## THE DATA
┄┄┄┄┄┄┄┄┄┄┄┄┄┄┄┄┄┄┄┄

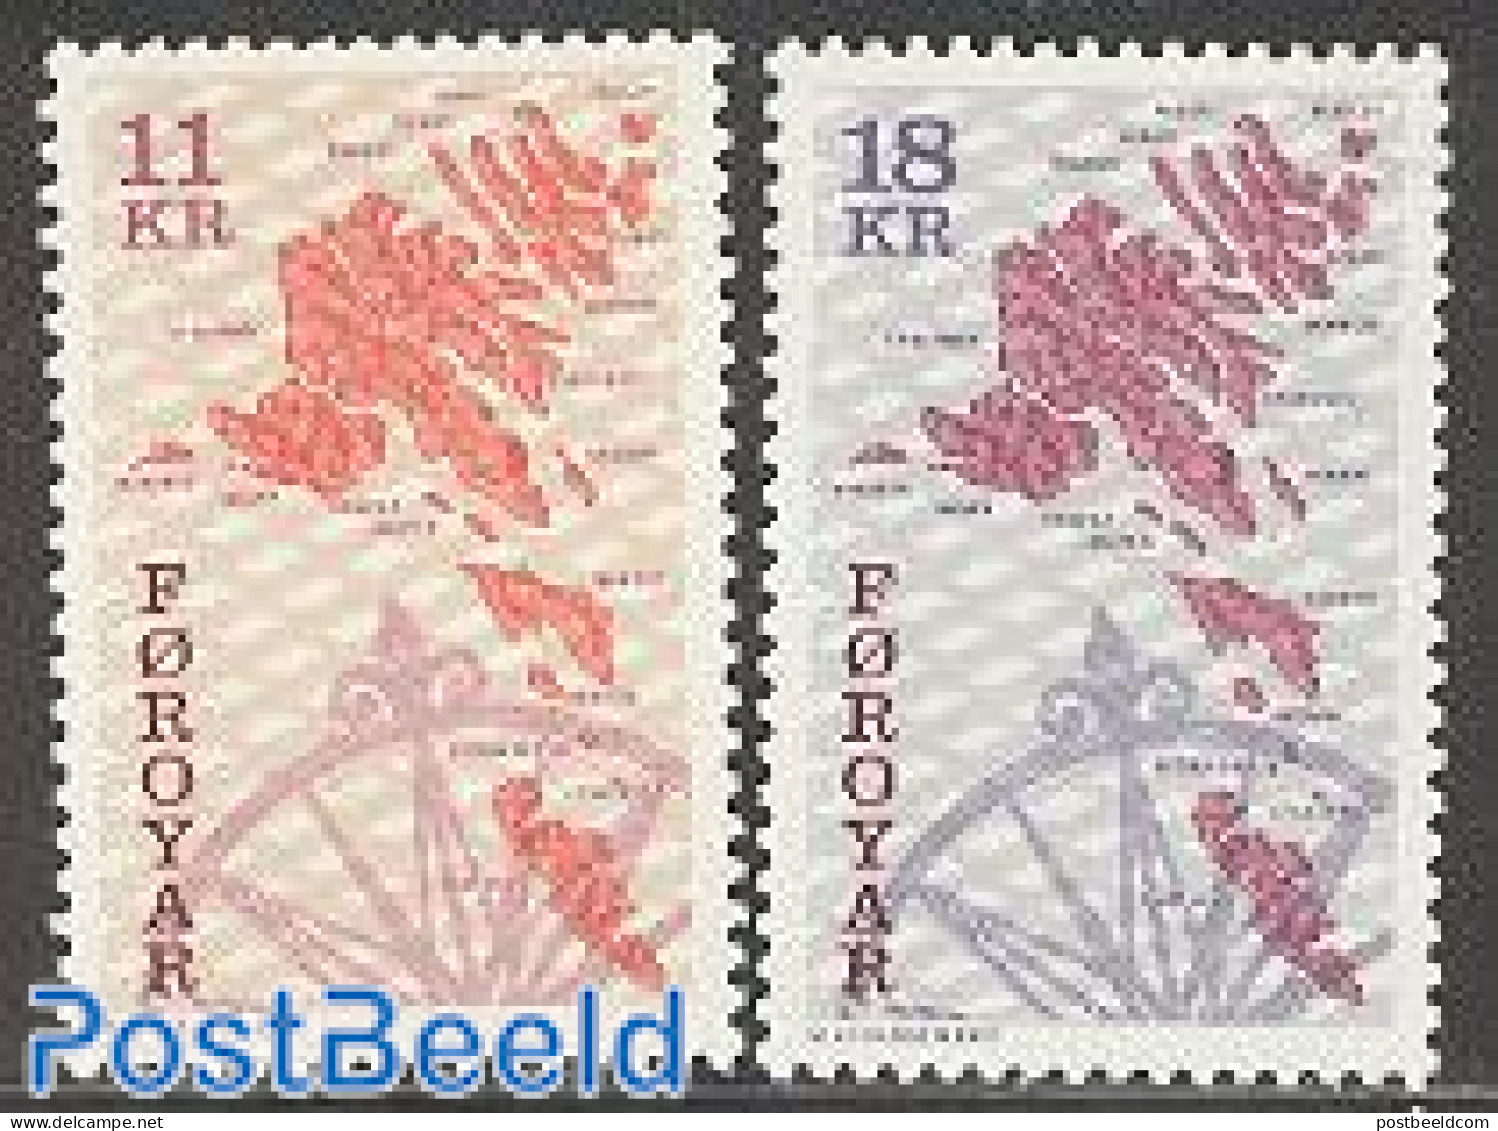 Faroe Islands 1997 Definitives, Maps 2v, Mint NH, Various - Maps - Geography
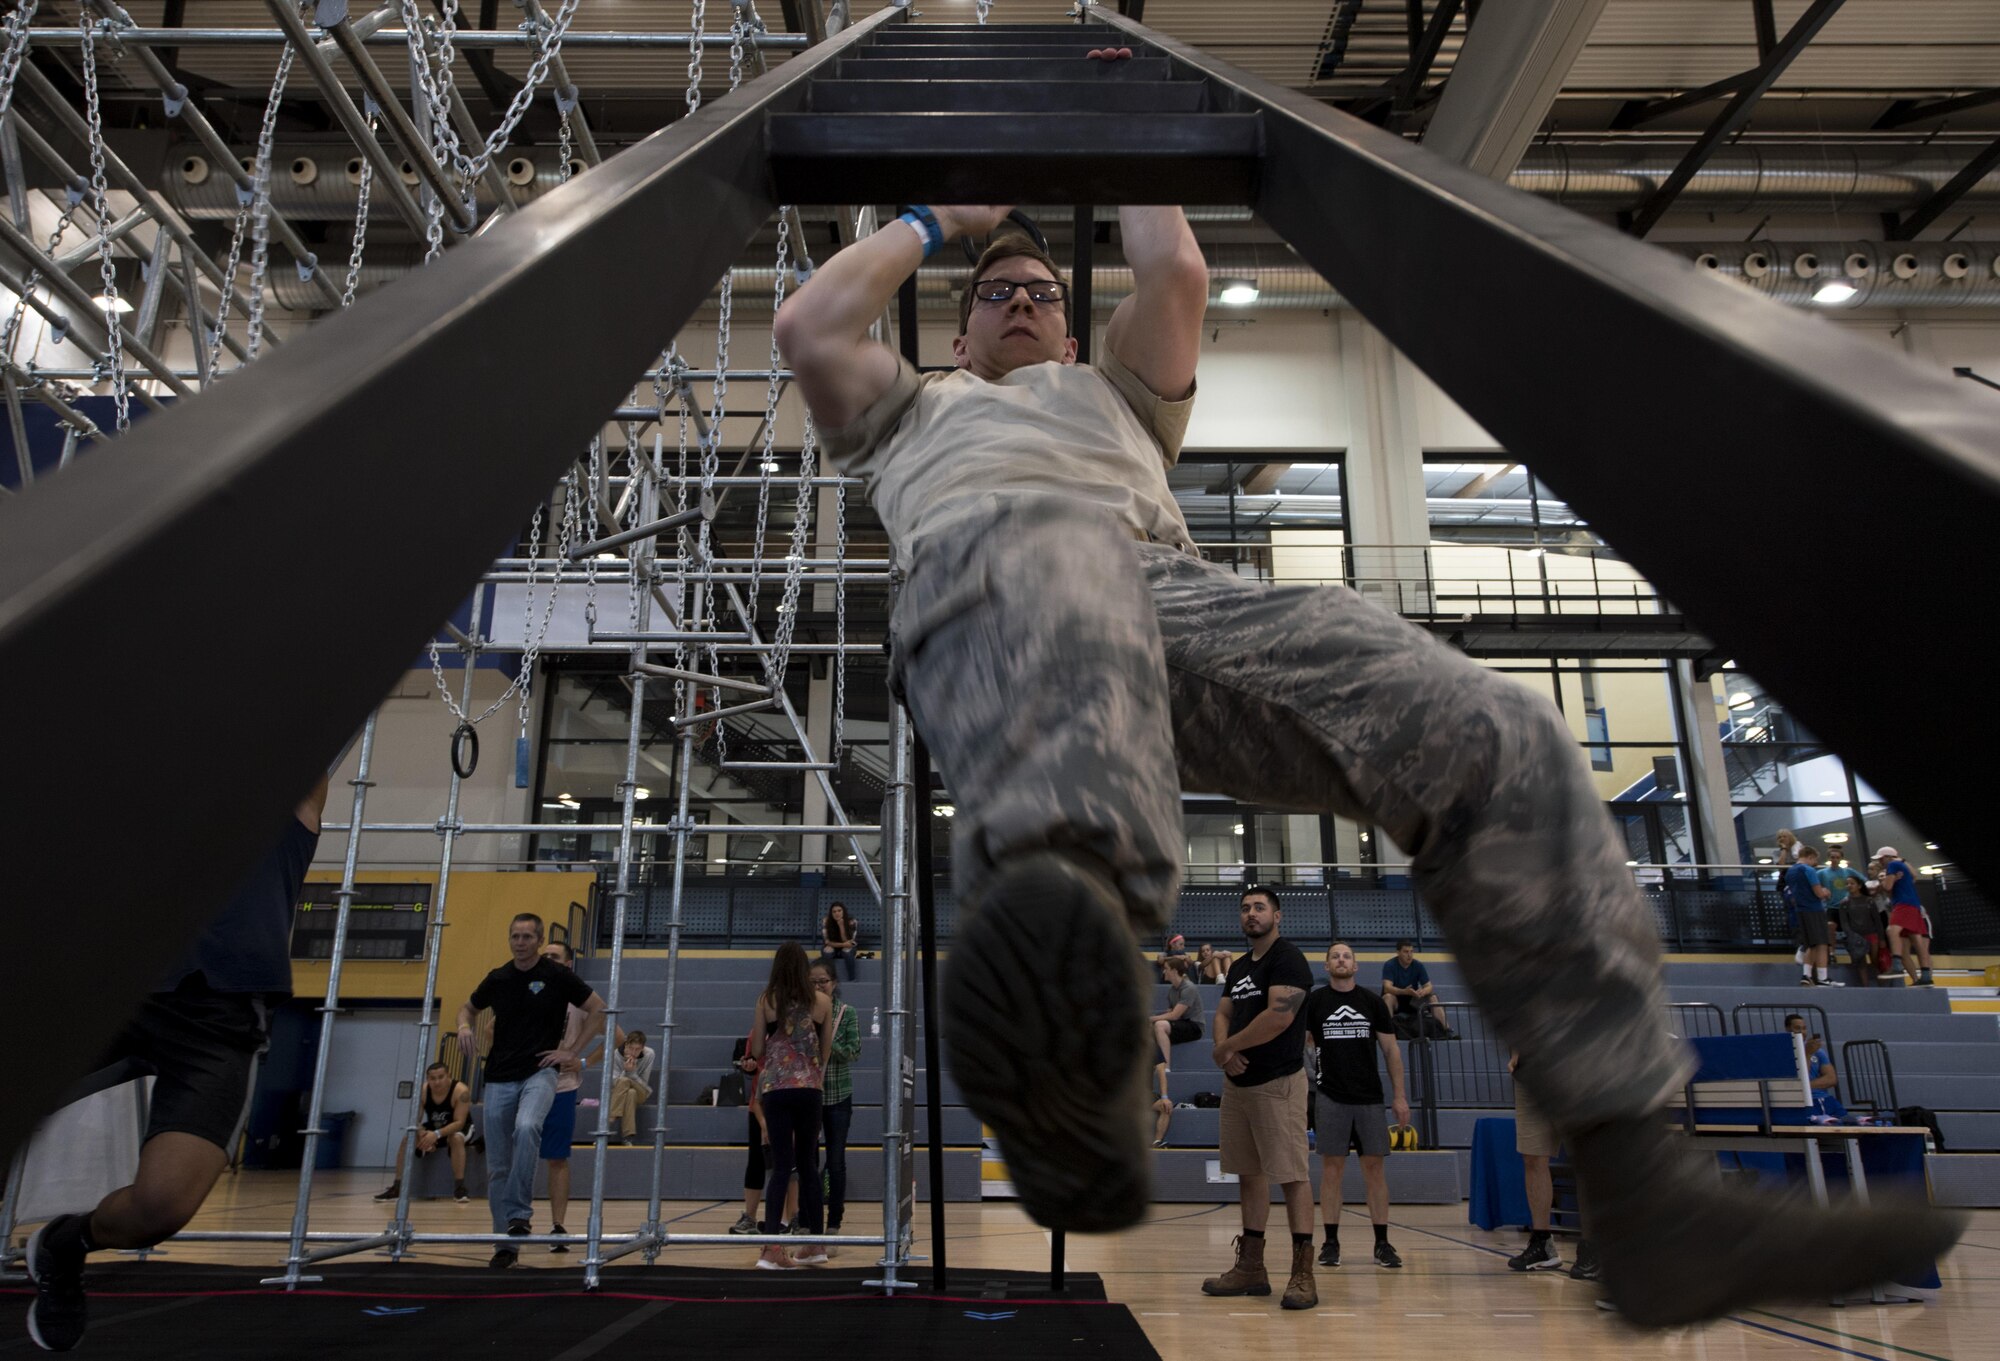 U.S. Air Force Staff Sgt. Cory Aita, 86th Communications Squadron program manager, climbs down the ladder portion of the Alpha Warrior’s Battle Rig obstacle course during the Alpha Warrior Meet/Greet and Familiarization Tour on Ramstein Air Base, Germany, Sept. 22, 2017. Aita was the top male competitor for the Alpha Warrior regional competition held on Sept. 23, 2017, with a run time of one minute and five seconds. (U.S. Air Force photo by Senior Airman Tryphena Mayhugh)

┄┄┄┄┄┄┄┄┄┄┄┄┄┄┄┄┄┄┄┄

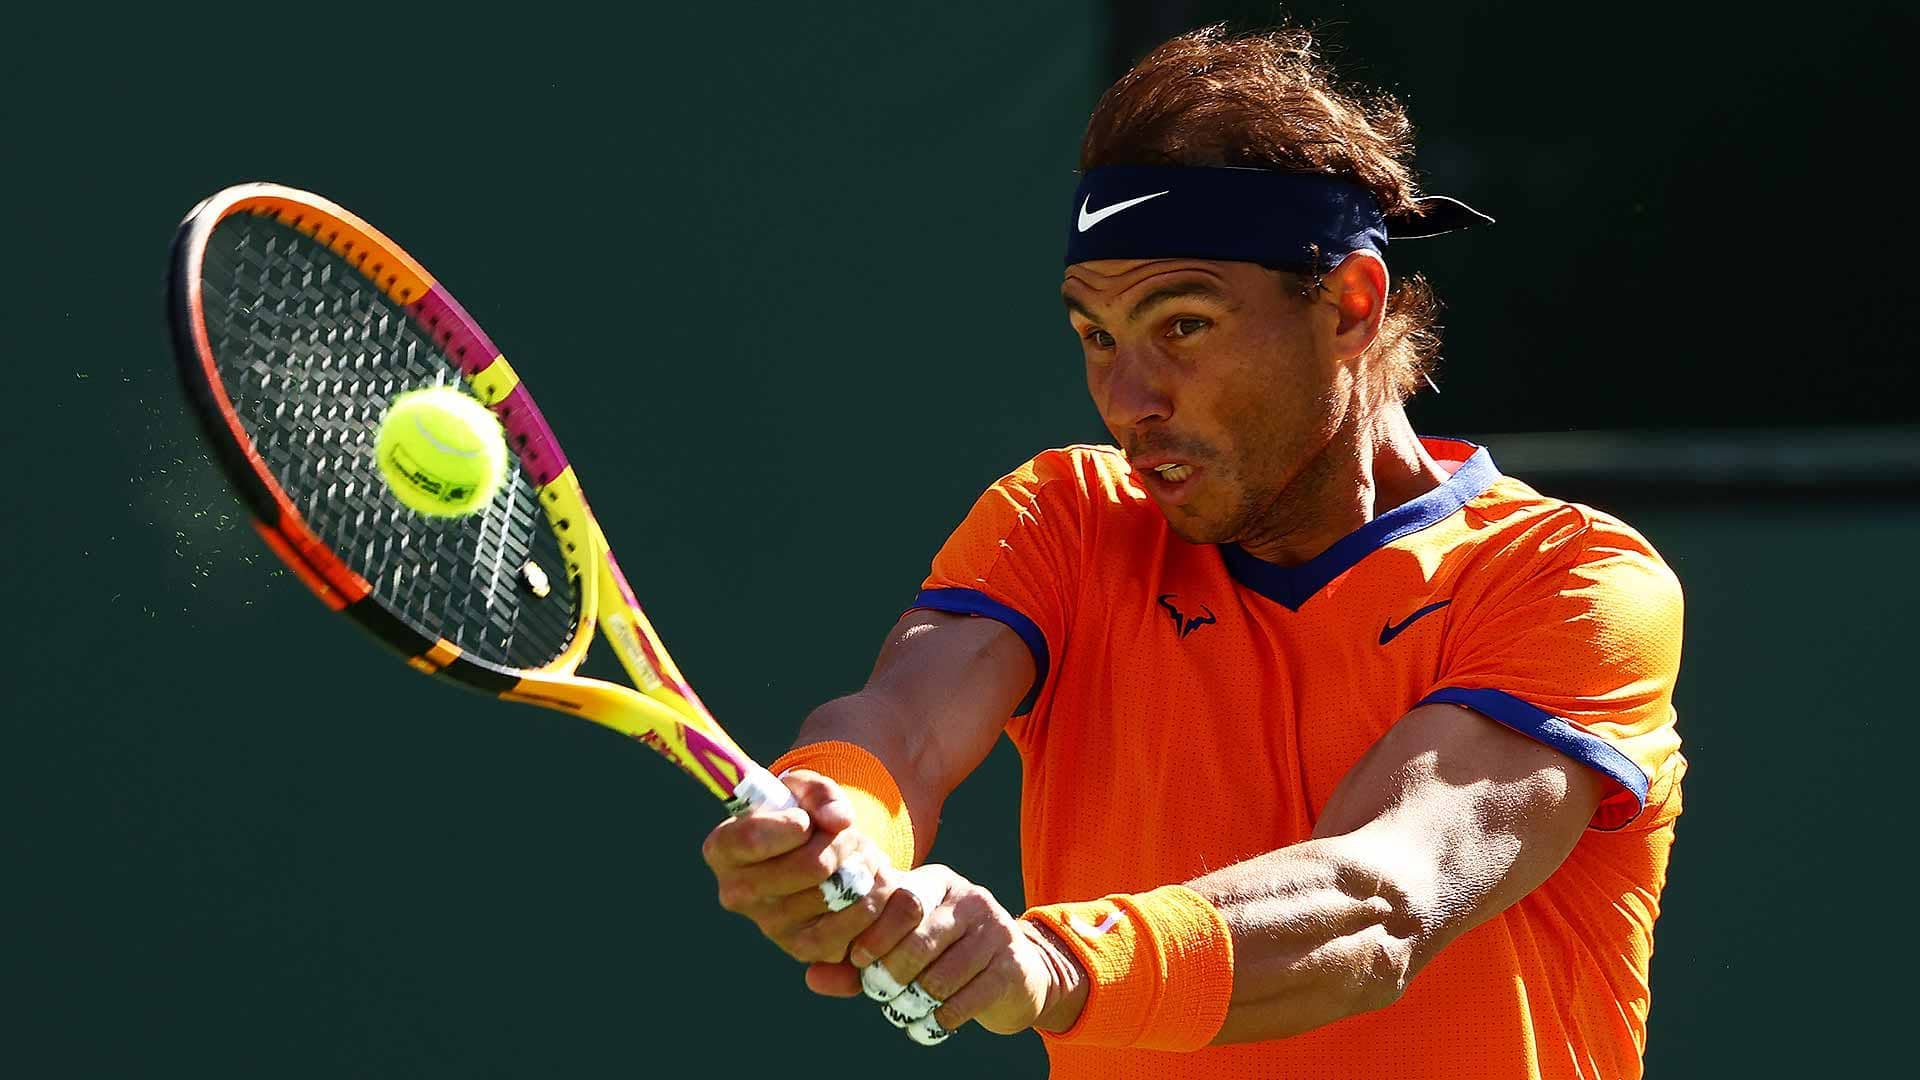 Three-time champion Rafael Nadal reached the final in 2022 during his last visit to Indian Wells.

┄┄┄┄┄┄┄┄┄┄┄┄┄┄┄┄┄┄┄┄

## PROBLEM STATEMENT
Reproduce exactly, with no pictures, the lines above from the one holding "Faroe Islands 1997" to the one holding "U.S. Air Force Staff", inclusive.

## OUTPUT OF THE EXERCISE
 Faroe Islands 1997 Definitives, Maps 2v, Mint NH, Various - Maps - Geography
 U.S. Air Force Staff Sgt. Cory Aita, 86th Communications Squadron program manager, climbs down the ladder portion of the Alpha Warrior’s Battle Rig obstacle course during the Alpha Warrior Meet/Greet and Familiarization Tour on Ramstein Air Base, Germany, Sept. 22, 2017. Aita was the top male competitor for the Alpha Warrior regional competition held on Sept. 23, 2017, with a run time of one minute and five seconds. (U.S. Air Force photo by Senior Airman Tryphena Mayhugh)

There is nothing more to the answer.